═════ Supplied data ═════
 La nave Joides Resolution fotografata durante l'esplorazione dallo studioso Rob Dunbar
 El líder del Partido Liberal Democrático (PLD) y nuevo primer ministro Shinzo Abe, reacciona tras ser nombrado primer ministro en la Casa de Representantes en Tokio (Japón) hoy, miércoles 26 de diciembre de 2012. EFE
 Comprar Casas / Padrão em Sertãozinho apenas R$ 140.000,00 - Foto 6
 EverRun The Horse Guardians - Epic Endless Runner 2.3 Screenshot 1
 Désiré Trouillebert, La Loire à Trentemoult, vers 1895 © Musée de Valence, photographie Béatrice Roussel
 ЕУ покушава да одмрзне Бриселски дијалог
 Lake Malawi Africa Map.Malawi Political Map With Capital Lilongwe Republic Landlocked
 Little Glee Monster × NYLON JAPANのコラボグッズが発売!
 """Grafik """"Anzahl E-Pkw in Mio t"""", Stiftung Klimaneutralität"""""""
═════
Please write the entries out again exactly as they stand.

• **Answer**
 La nave Joides Resolution fotografata durante l'esplorazione dallo studioso Rob Dunbar
 El líder del Partido Liberal Democrático (PLD) y nuevo primer ministro Shinzo Abe, reacciona tras ser nombrado primer ministro en la Casa de Representantes en Tokio (Japón) hoy, miércoles 26 de diciembre de 2012. EFE
 Comprar Casas / Padrão em Sertãozinho apenas R$ 140.000,00 - Foto 6
 EverRun The Horse Guardians - Epic Endless Runner 2.3 Screenshot 1
 Désiré Trouillebert, La Loire à Trentemoult, vers 1895 © Musée de Valence, photographie Béatrice Roussel
 ЕУ покушава да одмрзне Бриселски дијалог
 Lake Malawi Africa Map.Malawi Political Map With Capital Lilongwe Republic Landlocked
 Little Glee Monster × NYLON JAPANのコラボグッズが発売!
 """Grafik """"Anzahl E-Pkw in Mio t"""", Stiftung Klimaneutralität"""""""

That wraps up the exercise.